Merged. Thank you for quick response.

Best regards,
Kazu

> 
> Thanks
> Venkata.
> 
> -----Original Message-----
> From: kazuhiro3.hayashi@toshiba.co.jp [mailto:kazuhiro3.hayashi@toshiba.co.jp]
> Sent: 12 March 2020 12:42
> To: Venkata Seshagiri Pyla <Venkata.Pyla@toshiba-tsip.com>; Dinesh Kumar <Dinesh.Kumar@TOSHIBA-TSIP.COM>
> Cc: cip-security@lists.cip-project.org; cip-dev@lists.cip-project.org
> Subject: RE: Sample image including security packages
> 
> Hello Venkata,
> 
> Thank you for checking the result.
> I confirmed that this variable should not be overwritten in the image recipe.

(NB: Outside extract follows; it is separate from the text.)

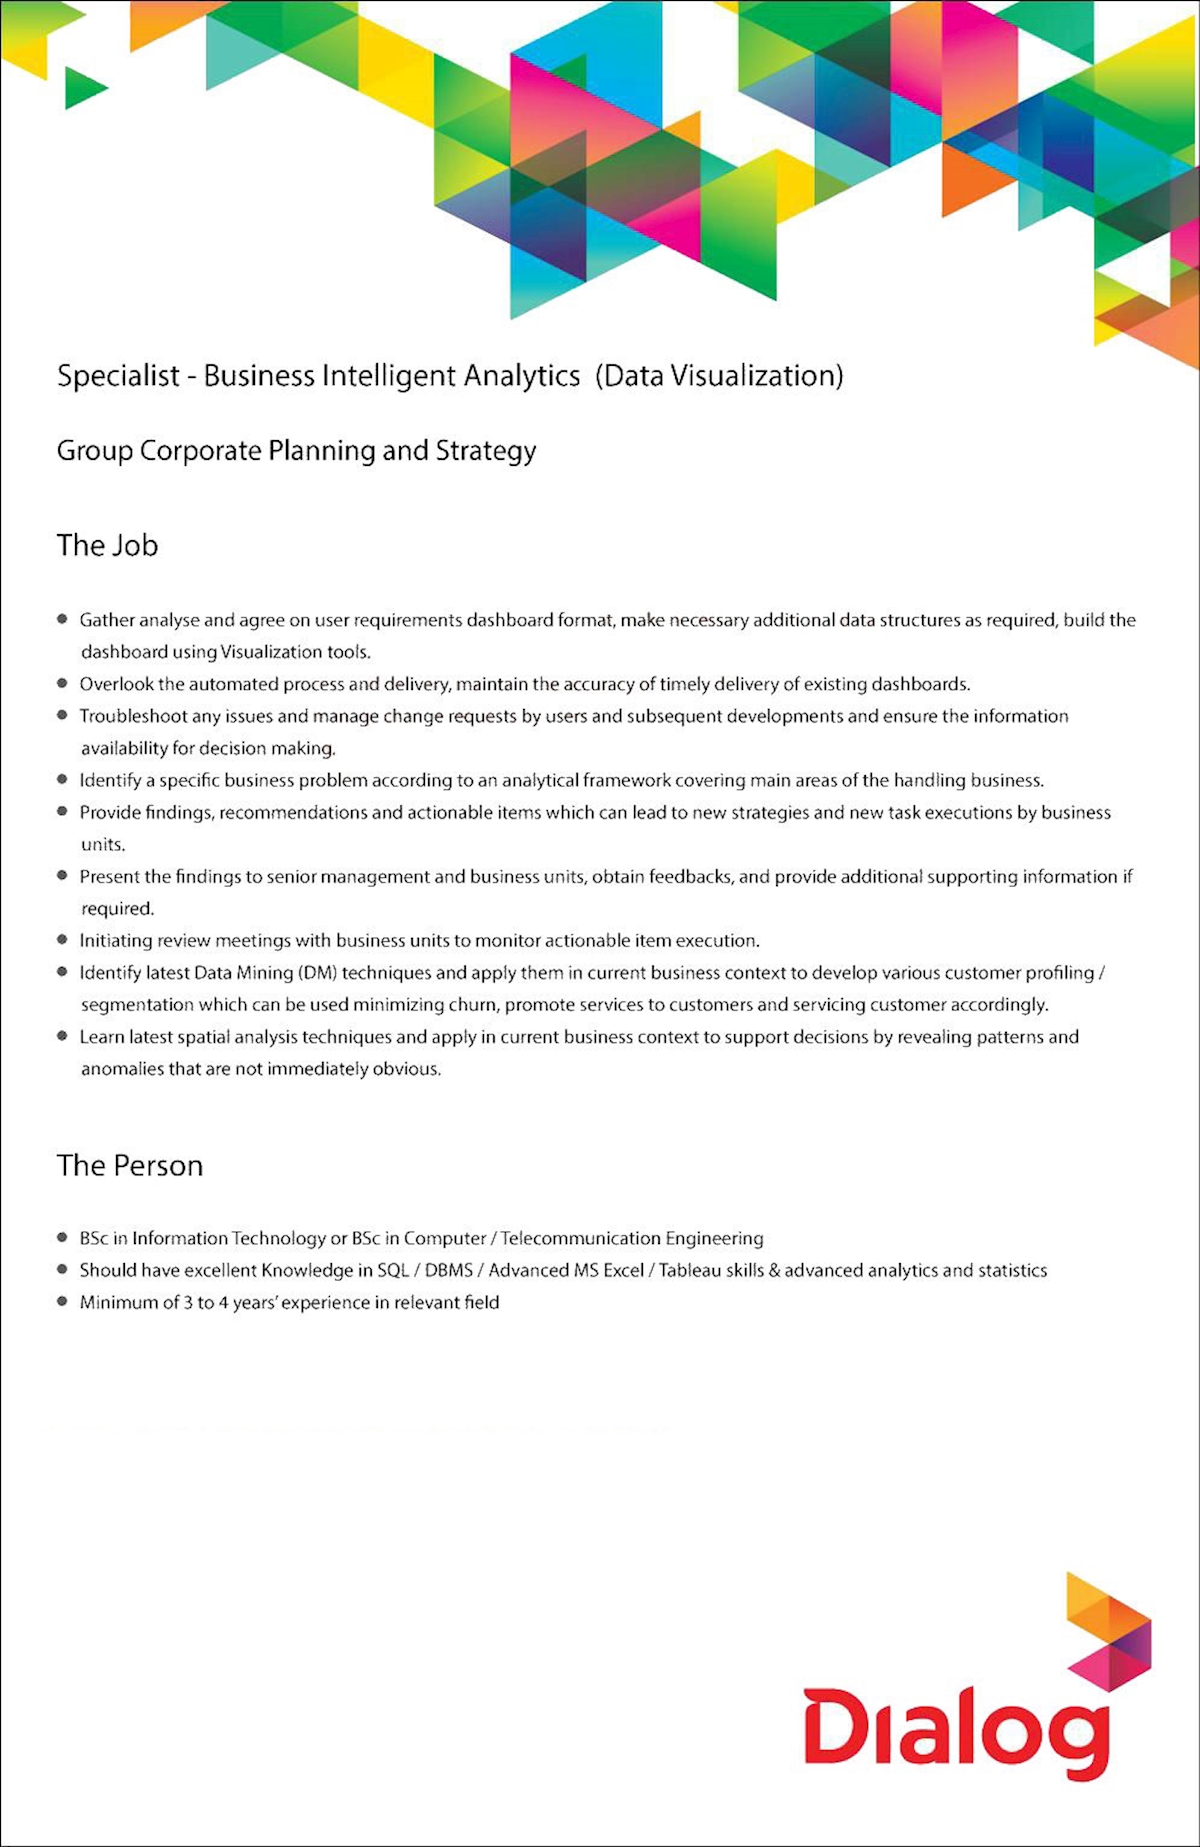 Specialist - Business Intelligent Analytics (Data Visualization)

> Could you send MR including this update to https://gitlab.com/zuka0828/isar-cip-core ?
> 
> Best regards,
> Kazu
> 
> > -----Original Message-----
> > From: Venkata Seshagiri Pyla [mailto:Venkata.Pyla@toshiba-tsip.com]
> > Sent: Thursday, March 12, 2020 12:56 PM
> > To: hayashi kazuhiro(林 和宏 ○ＳＷＣ□ＯＳＴ) <kazuhiro3.hayashi@toshiba.co.jp>;
> > dinesh kumar(ＴＳＩＰ DS Company) <dinesh.kumar@toshiba-tsip.com>
> > Cc: cip-security@lists.cip-project.org; cip-dev@lists.cip-project.org
> > Subject: RE: Sample image including security packages
> >
> > Hello Kazu-san,
> >
> > I observed 'init' system is not included in the image when append
> > operator is not used and so booting the image is not successful.
> >
> > Here is the output of `bitbake -e cip-core-image-security | grep
> > 'IMAGE_PREINSTALL'` when append is not used
> > ----------------------------------------------------------------------
> > ---------------------------
> > # $IMAGE_PREINSTALL [2 operations]
> > IMAGE_PREINSTALL=" 	openssl libssl1.1 	fail2ban 	openssh-server openssh-sftp-server openssh-client
> > 	syslog-ng-core syslog-ng-mod-journal 	aide aide-common 	libnftables0 nftables 	libpam-pkcs11
> > 	chrony 	tpm2-tools 	tpm2-abrmd 	libtss2-esys0 libtss2-udev 	libpam-cracklib 	acl
> > 	libauparse0 audispd-plugins auditd 	uuid-runtime 	vim "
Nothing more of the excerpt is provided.